__Data below__.
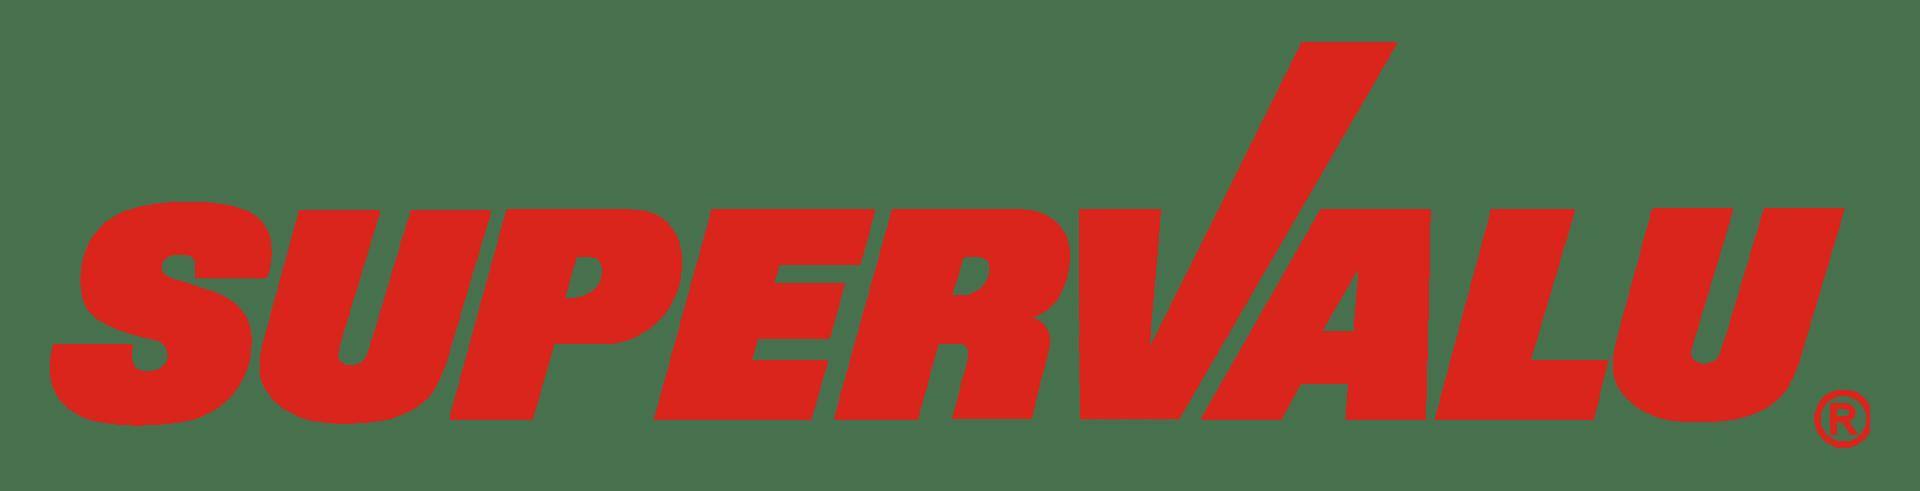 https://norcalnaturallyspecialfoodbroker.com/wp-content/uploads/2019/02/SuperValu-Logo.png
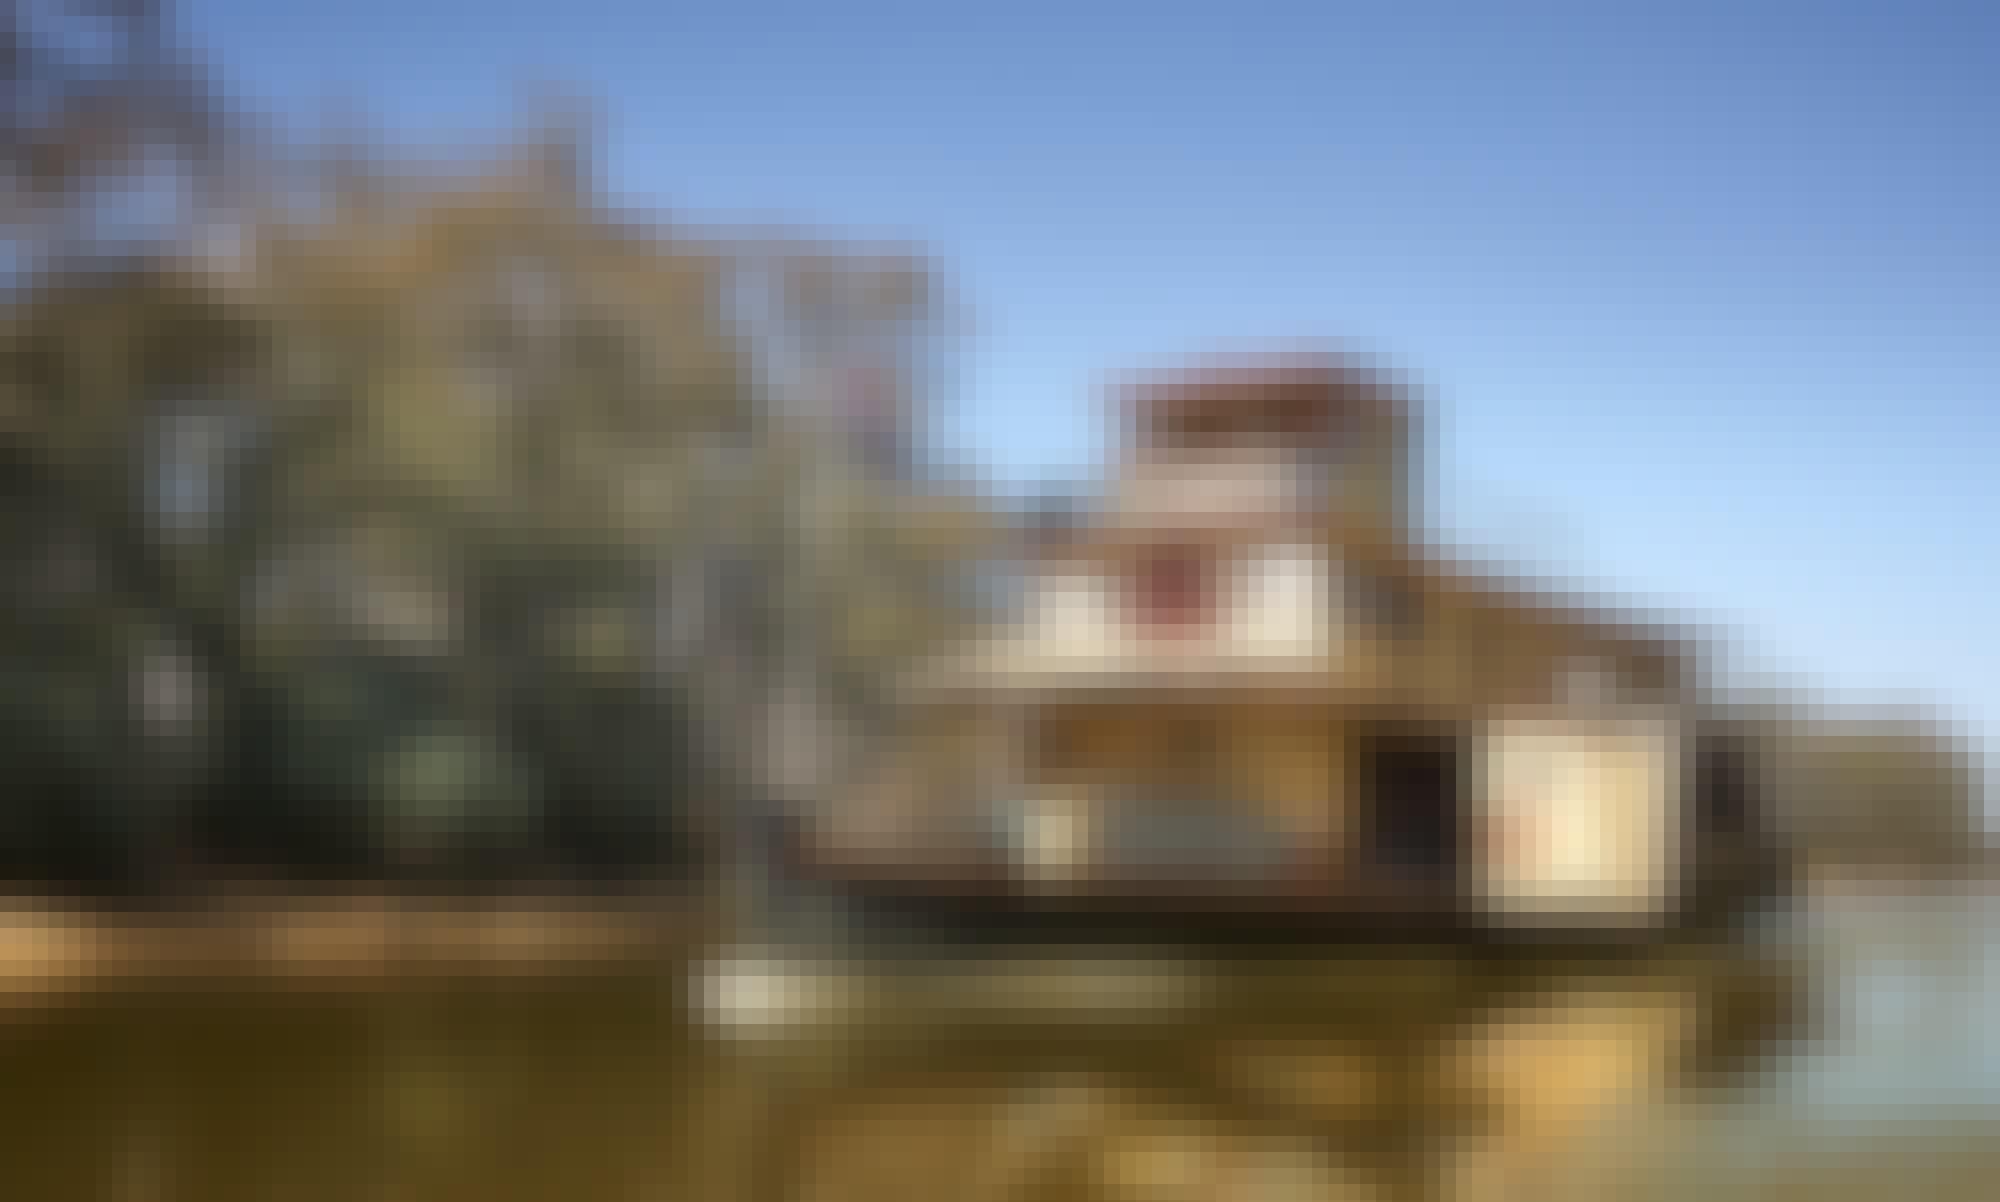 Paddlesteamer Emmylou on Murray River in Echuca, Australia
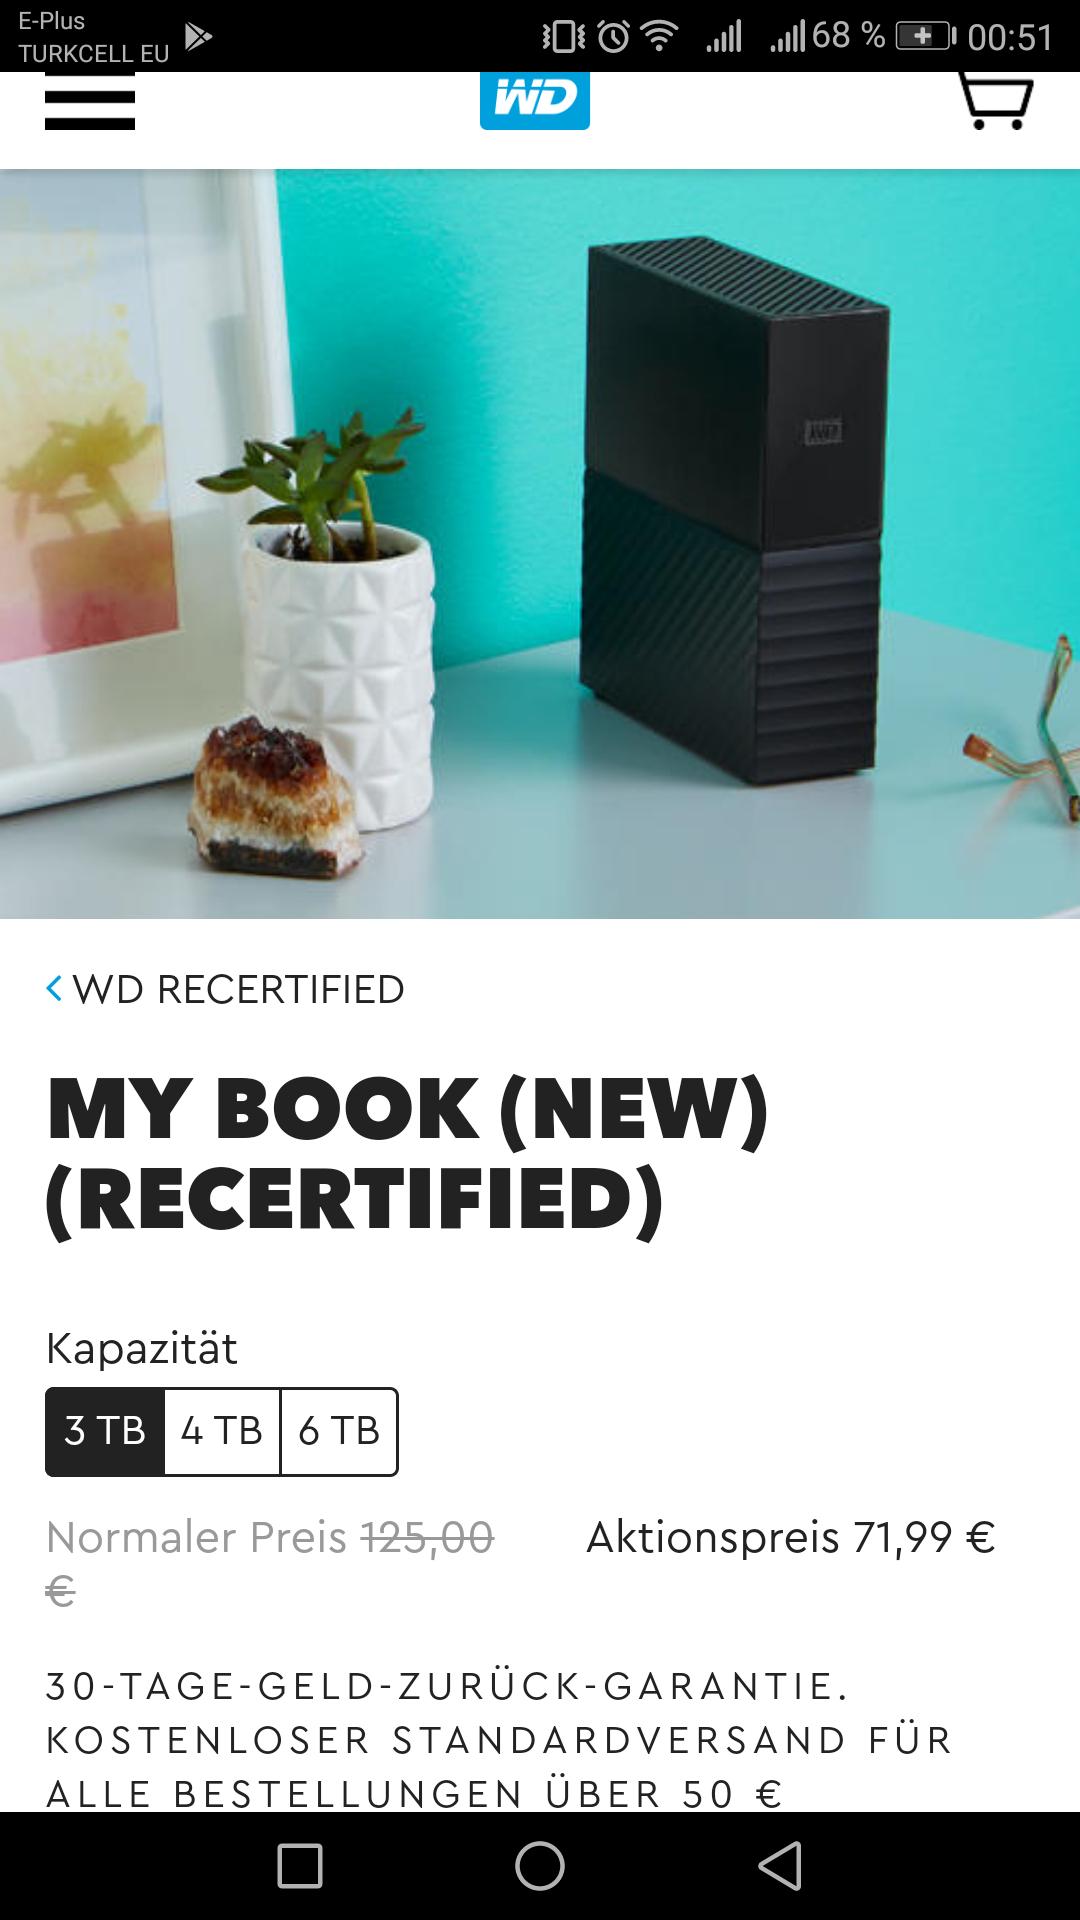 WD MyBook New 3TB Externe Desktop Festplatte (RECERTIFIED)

__Work instruction__.
Retype all of the data above word for word, excluding the pictures.

__Response to this exercise__.
 https://norcalnaturallyspecialfoodbroker.com/wp-content/uploads/2019/02/SuperValu-Logo.png
 Paddlesteamer Emmylou on Murray River in Echuca, Australia
 WD MyBook New 3TB Externe Desktop Festplatte (RECERTIFIED)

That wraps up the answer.